= Information provided =

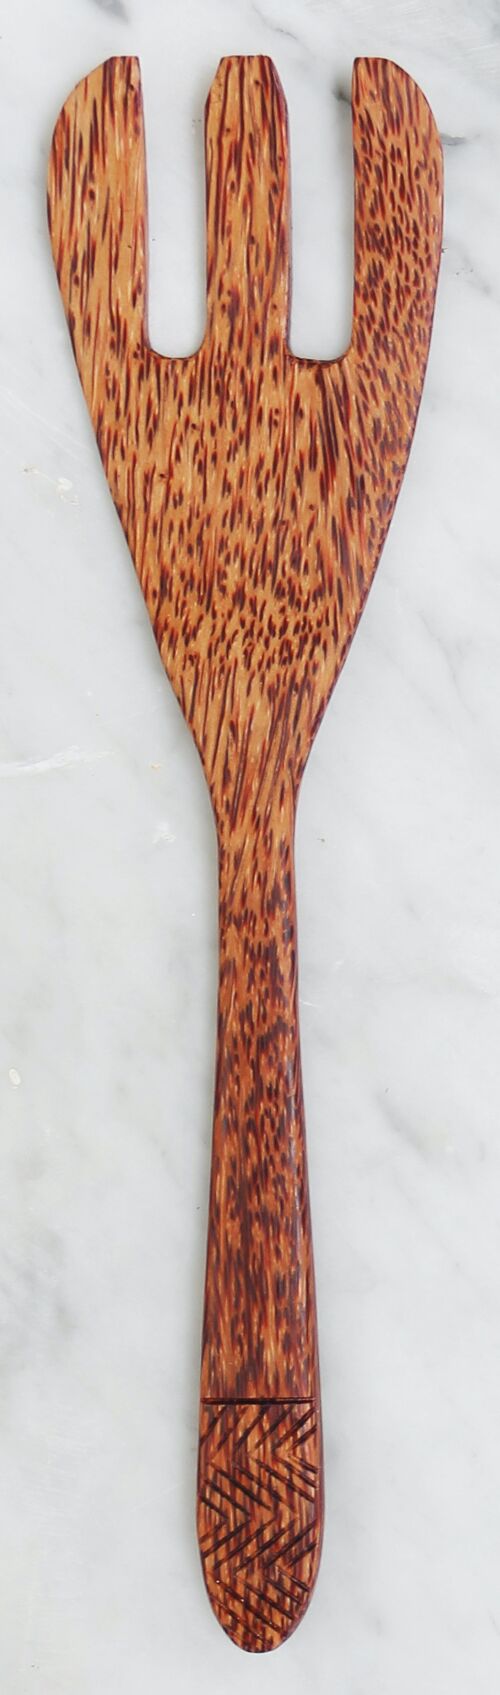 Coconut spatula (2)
---
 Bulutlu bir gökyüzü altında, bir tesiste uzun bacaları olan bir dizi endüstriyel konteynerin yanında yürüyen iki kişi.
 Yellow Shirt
* * *
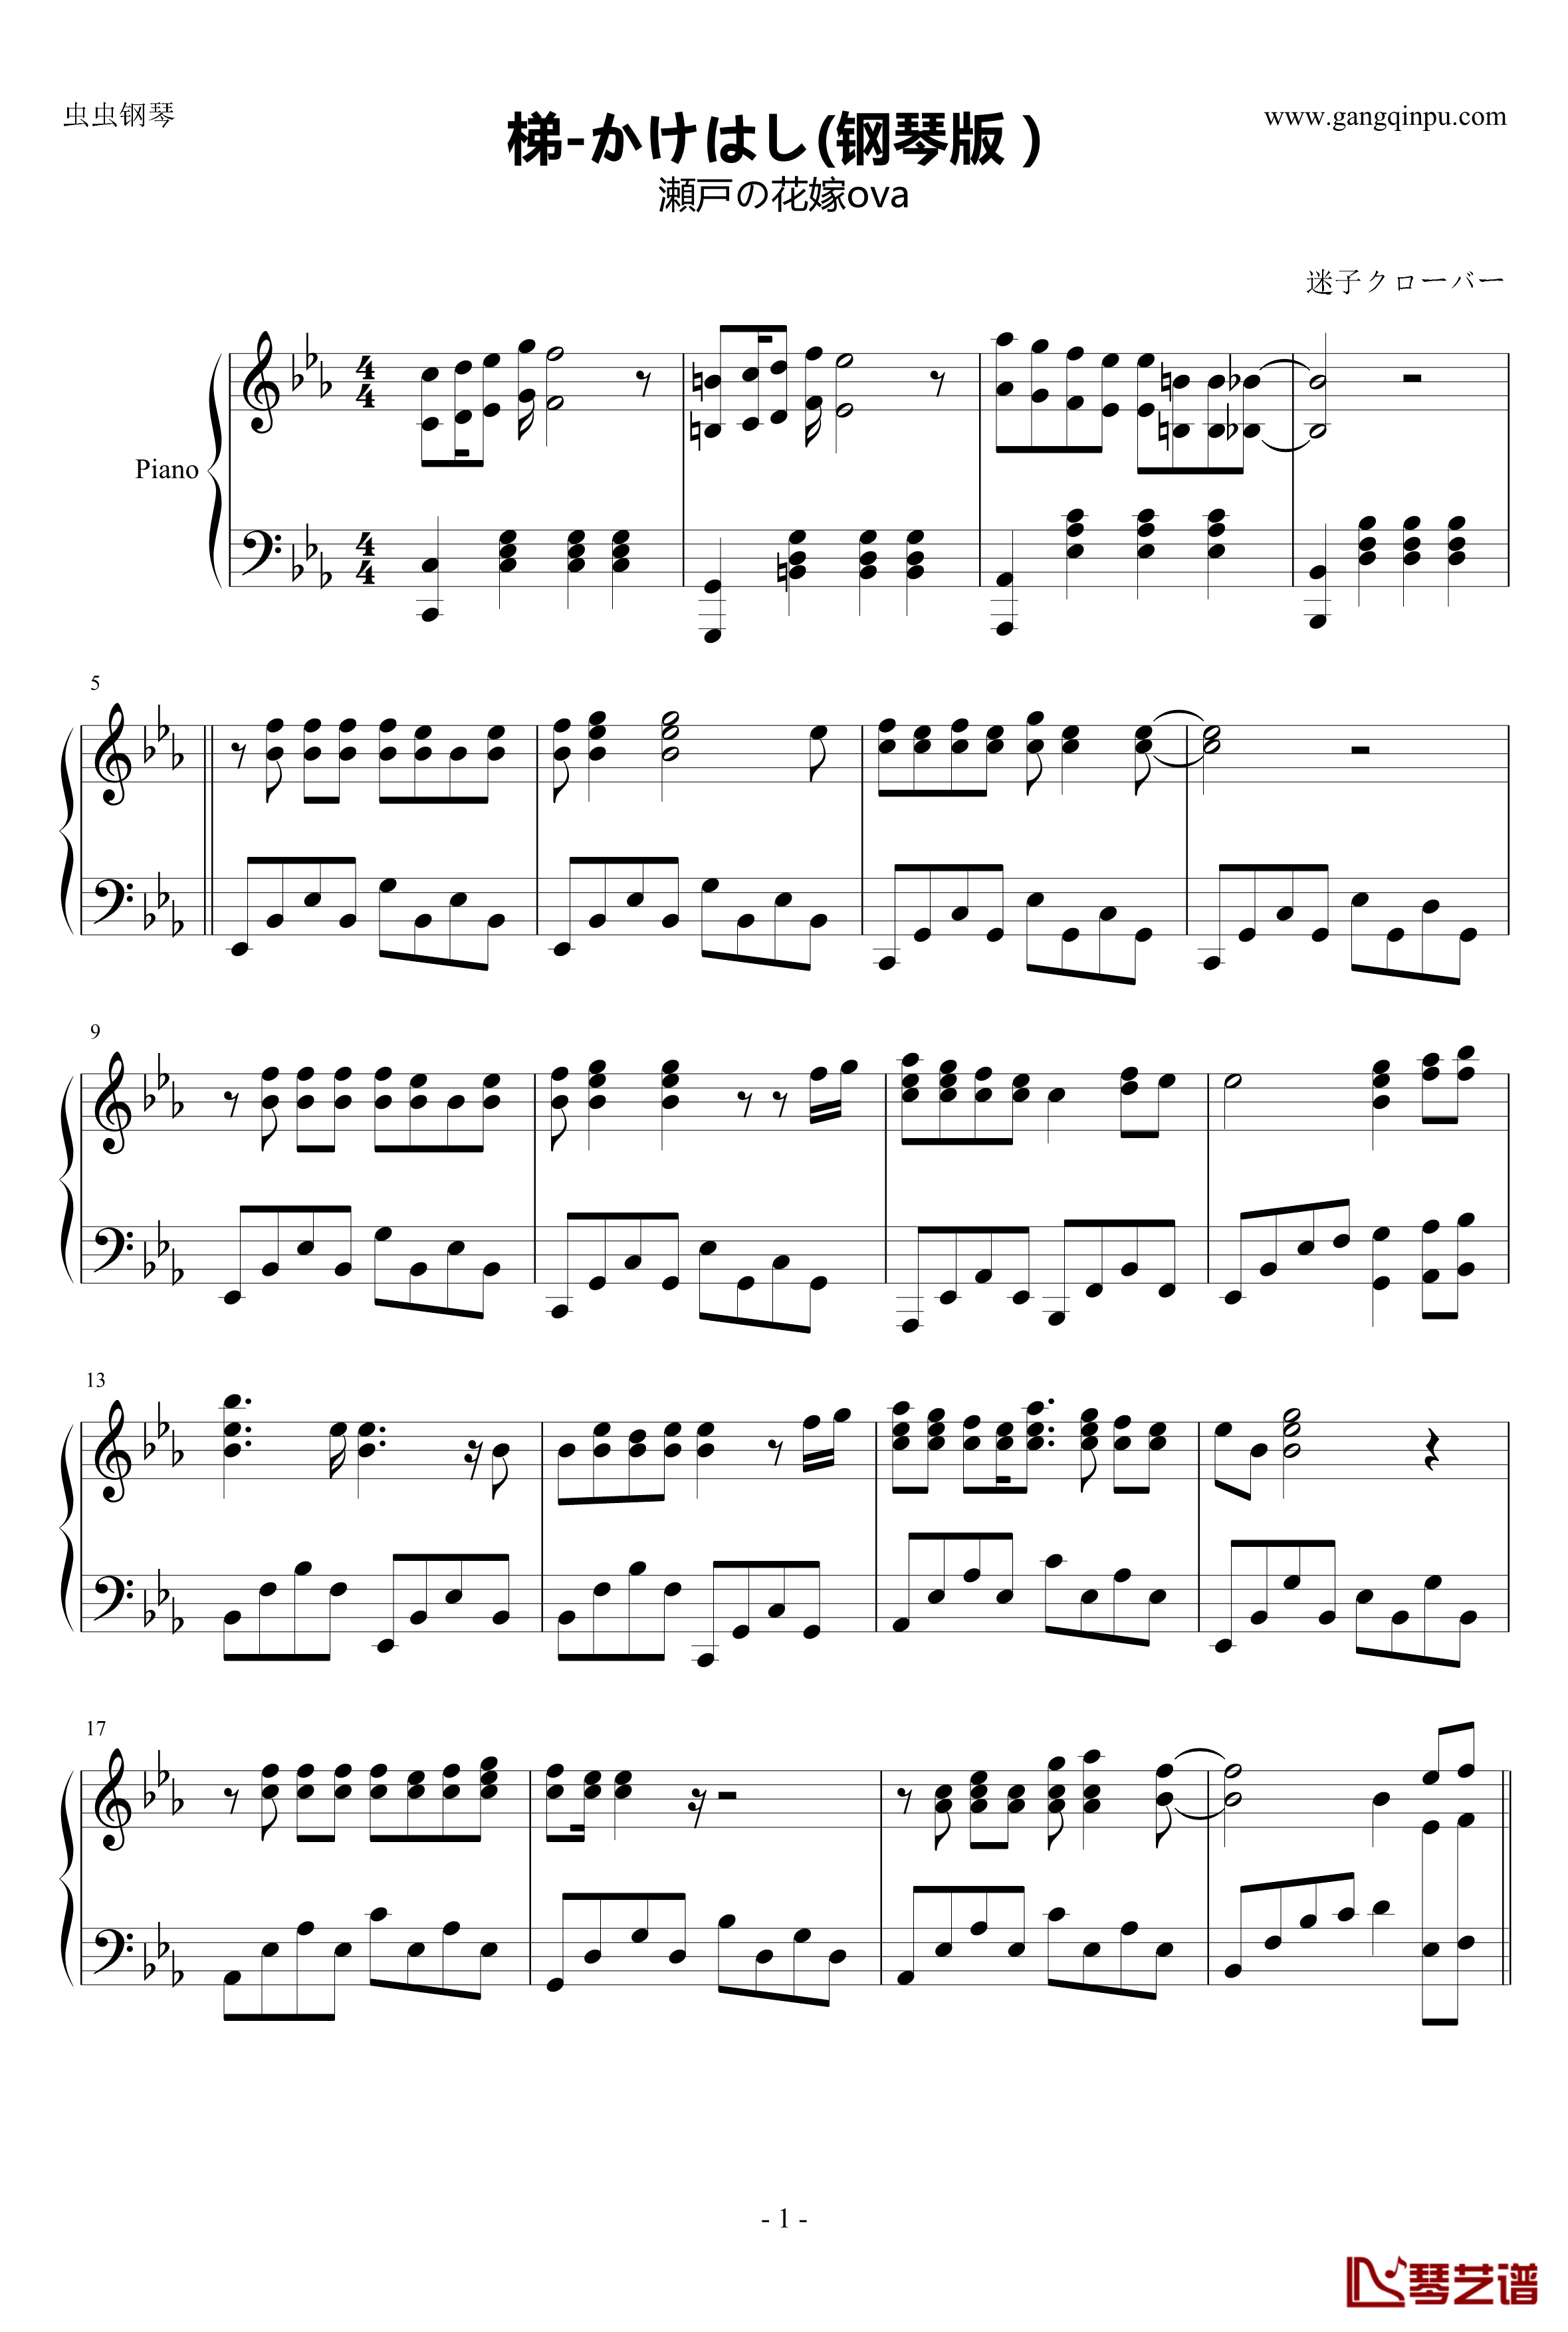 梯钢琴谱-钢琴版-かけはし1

= Activity =
Working from the records above, write out verbatim only the lines from the line containing "Bulutlu bir gökyüzü" through the line containing "Yellow Shirt".

= Answer space =
 Bulutlu bir gökyüzü altında, bir tesiste uzun bacaları olan bir dizi endüstriyel konteynerin yanında yürüyen iki kişi.
 Yellow Shirt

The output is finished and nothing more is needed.